Minimal Disclosure Standards for Political Polling
Standards for Minimal Disclosure
Good professional practice imposes the obligation upon all public opinion researchers to include, in any report of research results, or to make available when that report is released, certain essential information about how the research was conducted. At a minimum, the following items should be disclosed:
1. Who sponsored the survey, and who conducted it.
2. The exact wording of questions asked, including the text of any preceding instruction or explanation to the interviewer or respondents that might reasonably be expected to affect the response.
3. A definition of the population under study, and a description of the sampling frame used to identify this population.

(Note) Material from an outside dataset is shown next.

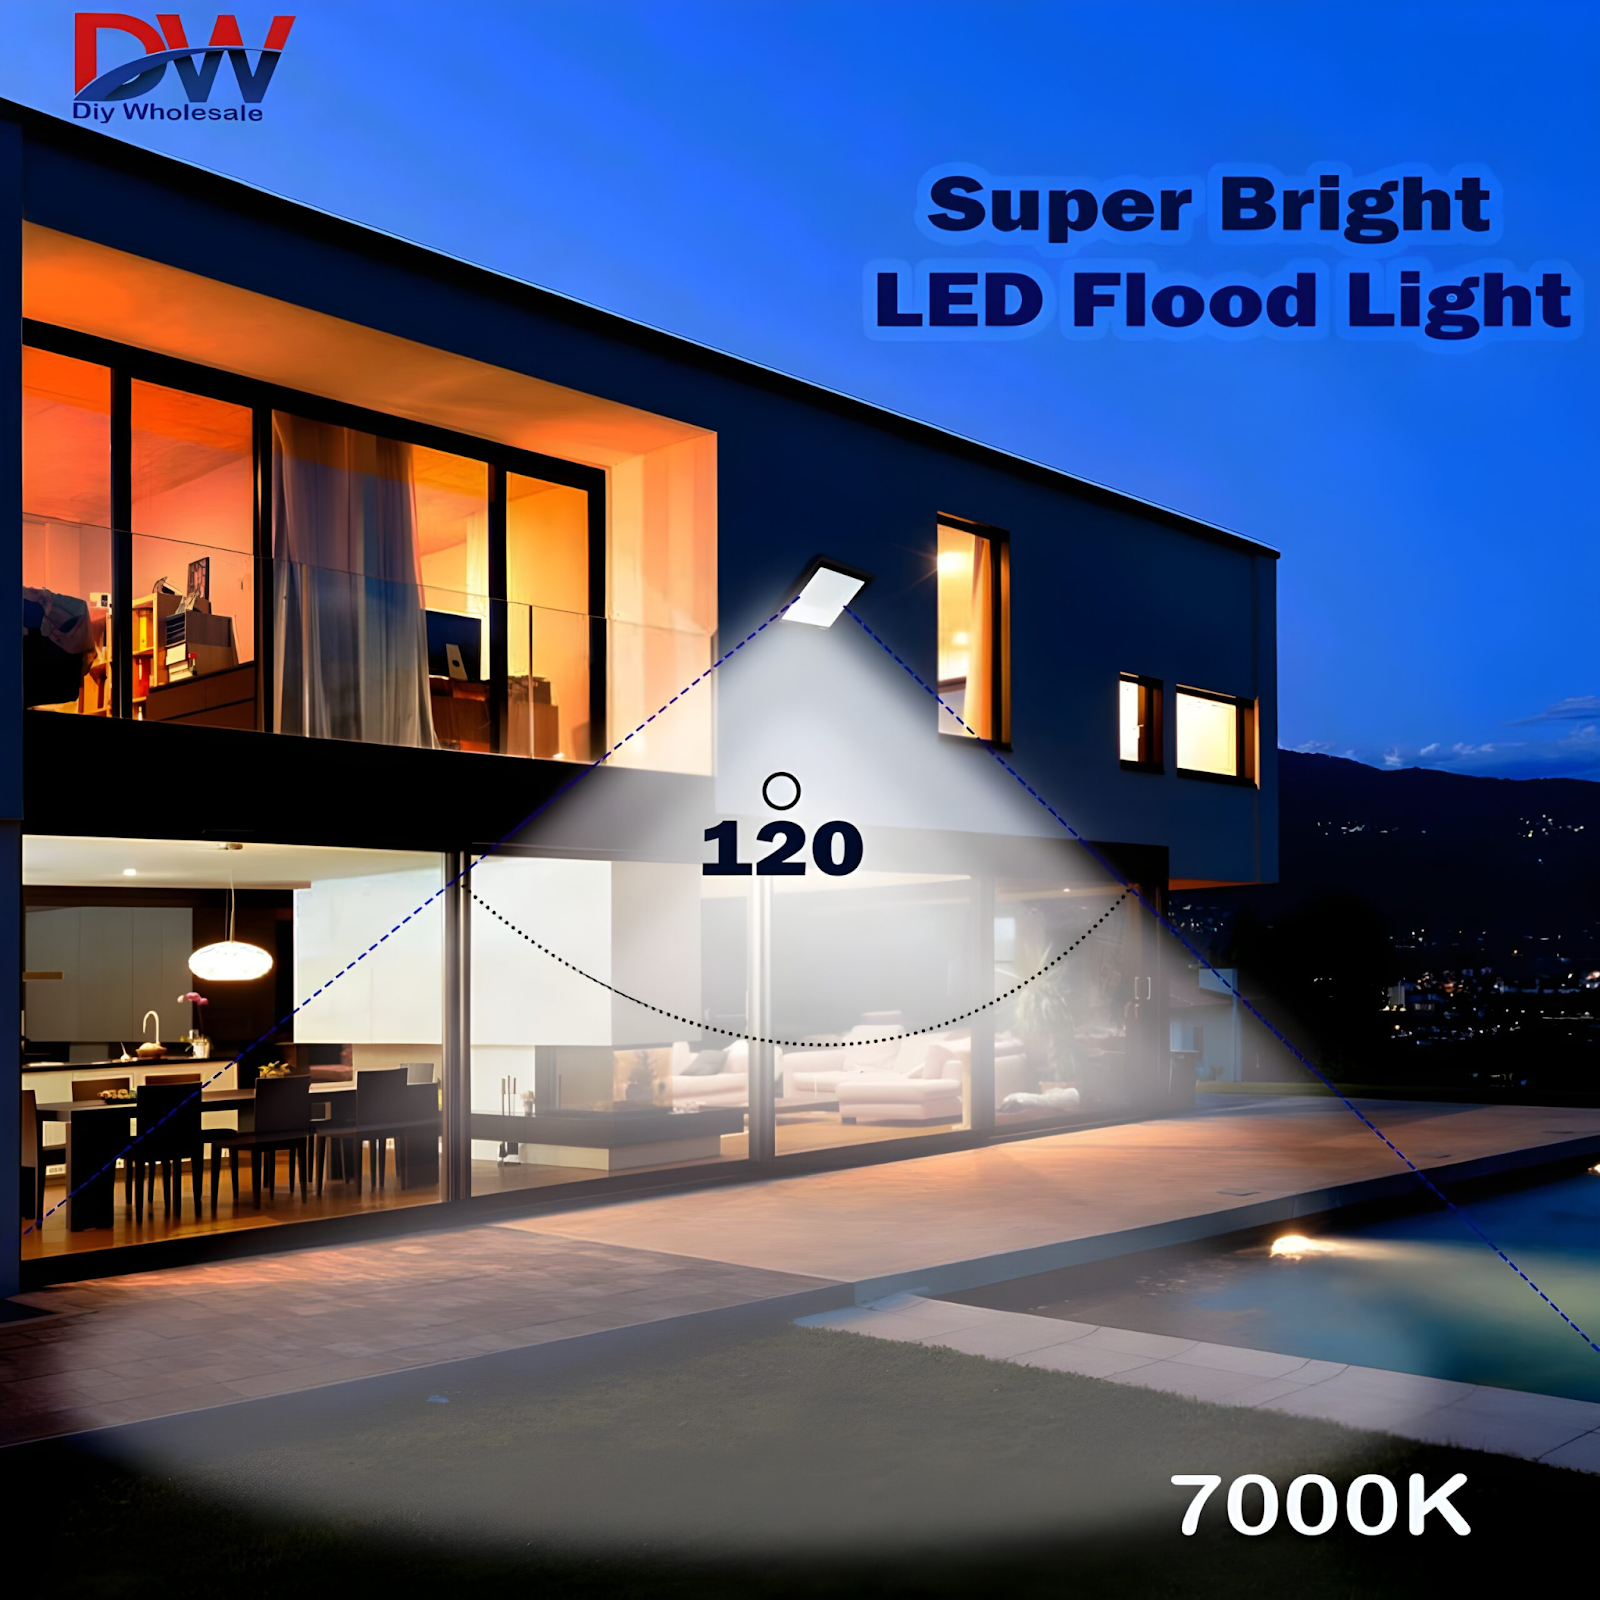 50W LED Floodlight

4. A description of the sample selection procedure, giving a clear indication of the method by which the respondents were selected by the researcher, or whether the respondents were entirely self-selected.
5. Size of samples and, if applicable, completion rates and information on eligibility criteria and screening procedures.
6. A discussion of the precision of the findings, including, if appropriate, estimates of sampling error, and a description of any weighting or estimating procedures used. Which results are based on parts of the sample, rather than on the total sample.
7. Method, location, and dates of data collection.
The next time you see a survey that doesn’t include most of these supporting elements, you might want to view it with some suspicion. Like maybe, that mayoral poll that came out last week.
3 comments:
from the Inquirer article:
The telephone survey of 400 registered Philadelphia voters was conducted Oct. 5 through Oct. 8 by Public Opinion Research Inc. of Sykesville, Md. Results of the poll, commissioned by a Democratic consultant for various clients in the region, are subject to an error margin of 4 percentage points. The consultant asked to remain anonymous.
so, um, we have some semblance of 1 (if Democratic consultant suffices to give you a sense of the bias), 3, 5, 6, and 7. it's very rare that political poll results (at least newspaper coverage of same) include exact question wording or degree of selection of the respondant pool, although obviously if the pollster hadn't wanted to "remain anonymous" we might have access to more of that information, like Quinnipiac (sp!) gives on its own website. hard to base too much of a conspiracy theory on the gaps, although of course any single poll like this is of dubious values, especially with such a small group called and such a large number of candidates involved...
"Some semblance" of following the "minimal" disclosure standards shouldn't really cut it, should it? These standards exist, in part, because reporters have been to careless/eager to report junk polling. Seems like irresponsible reporting to run these results.
I work for Public Opinion Research, im a poller. Whenever someone asks who the poll is being paid for by, we are required to not tell them. Even though we really do know. We say 'we are an independent organization'.